Given the discussion and research provided, the following resources and solutions can be

provided for schools and faculty. The first resource that should be implemented is a Third Party

Mental Health Counselor assigned to every school. This counselor meets with the teachers

weekly to evaluate their mental health and provide resources and advice for the things they are

struggling on. These counselors would be different than a school counselor because the hope is

that the faculty would feel confident confiding in them without the worry that other employees at

the school may find out. Another resource would be a Required Self-Care Plan created and

completed by every teacher at the beginning of the school year. This self-care plan would map

out coping strategies and people they can contact if they are feeling down or overwhelmed.

Preparing teachers before burnout begins is the best way to prevent it.

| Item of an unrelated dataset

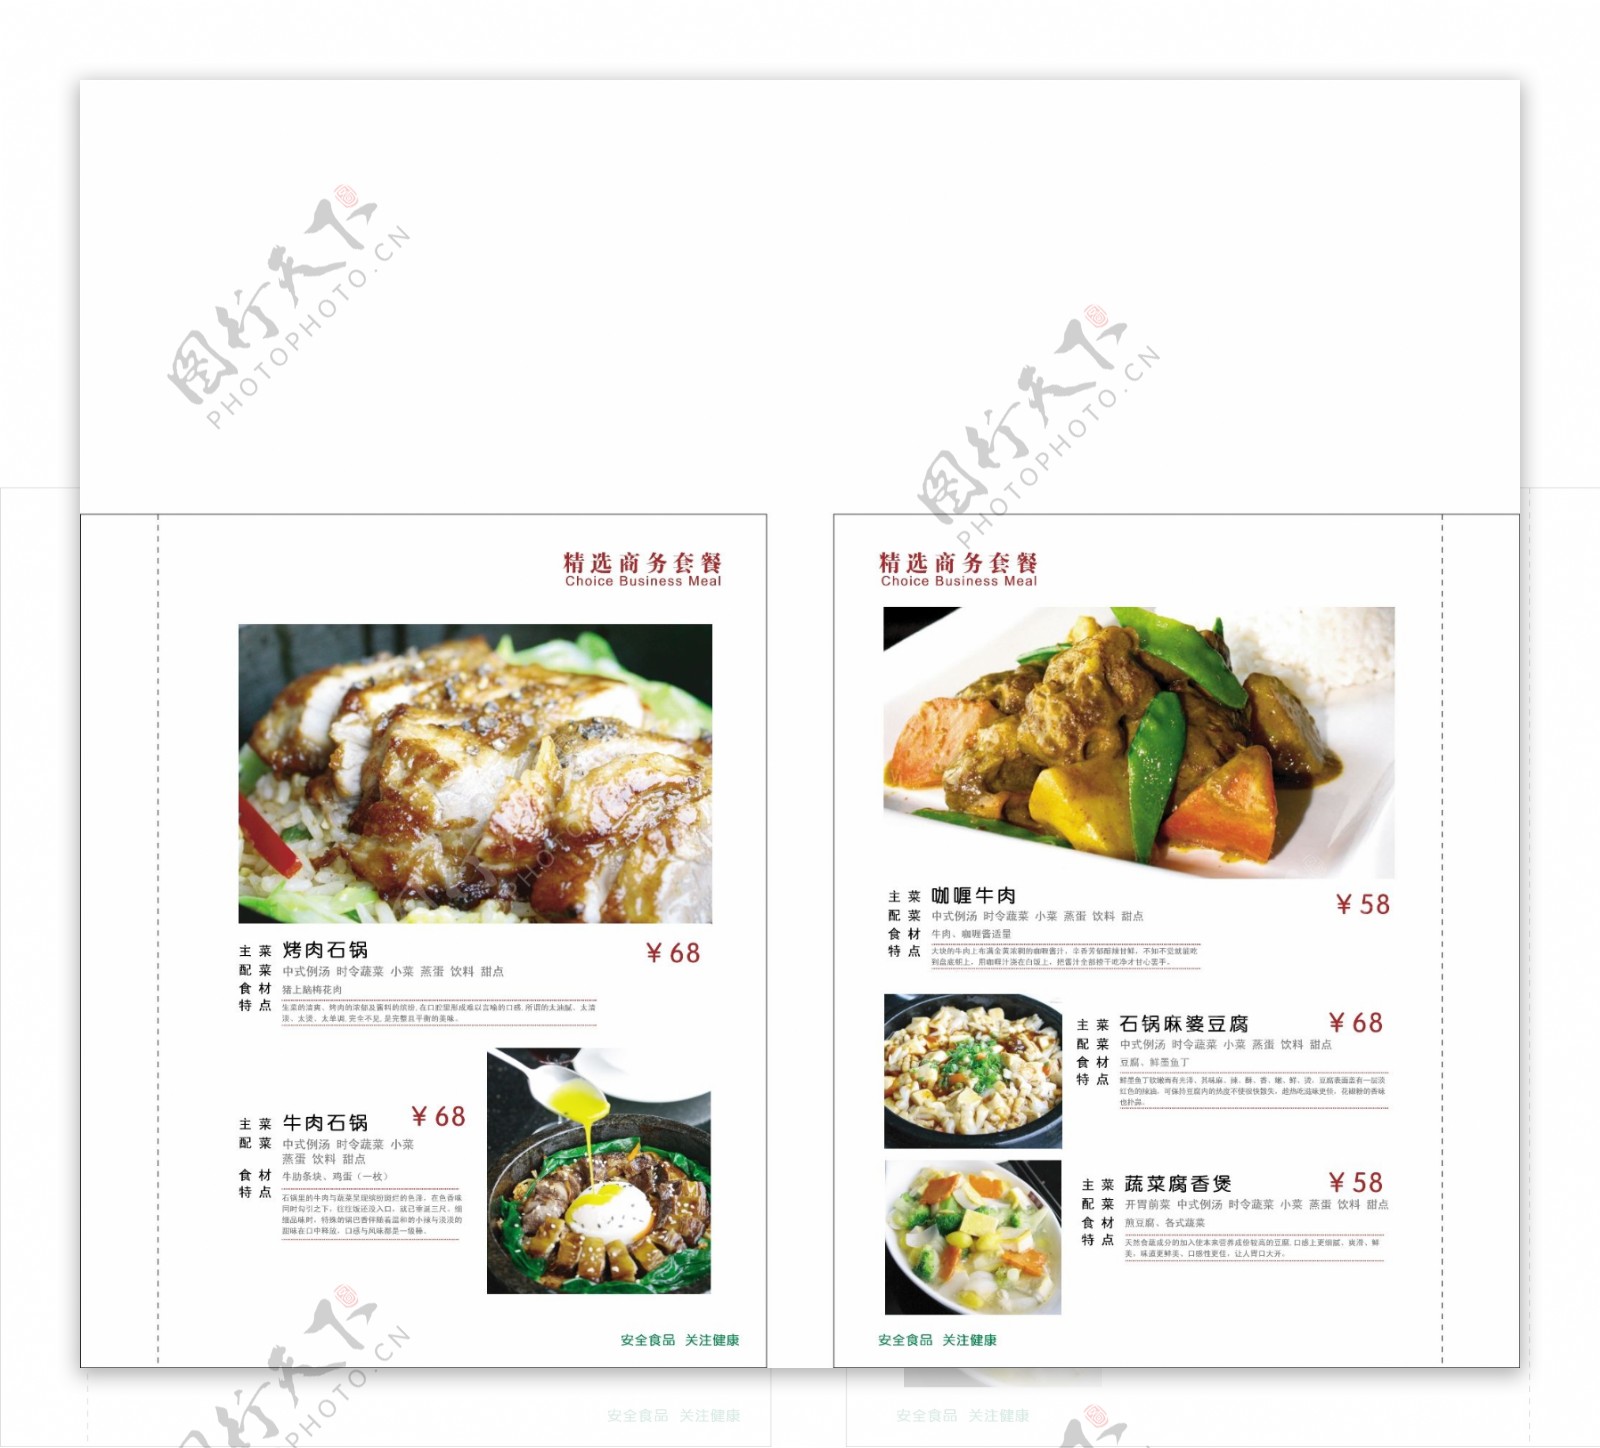 中式菜谱菜单设计矢量素材

Another major resource would be specialized Training for Teachers. This would mean

mandatory stress management workshops as stress is a common aspect in the teaching

profession. These classes would hopefully provide skills and strategies for stress management in

their current affairs as well as future dilemmas. The second training would be monthly

mindfulness classes. The hope for these classes is to show teachers how to be mindful in their

daily lives. These skills could even be used in the classroom with the students. The last training

workshop would be crisis training. With an increase in school shootings, teen suicide, and other

traumatic events these workshops would provide teachers with the skills and resources to better

equip them to handle the crisis in their classroom and students.

In addition to these resources, the following suggestions would help decrease teacher

burnout across the board. Extra funding for the school would allow schools to put more money

into their materials and resources. Extra funding would also make having a mental health

counselor, extra workshops, and training for the teachers possible. Similarly, increase pay for

teachers would increase teacher morale. Feeling defeated and unappreciated in the classroom as

well as society can be overwhelming.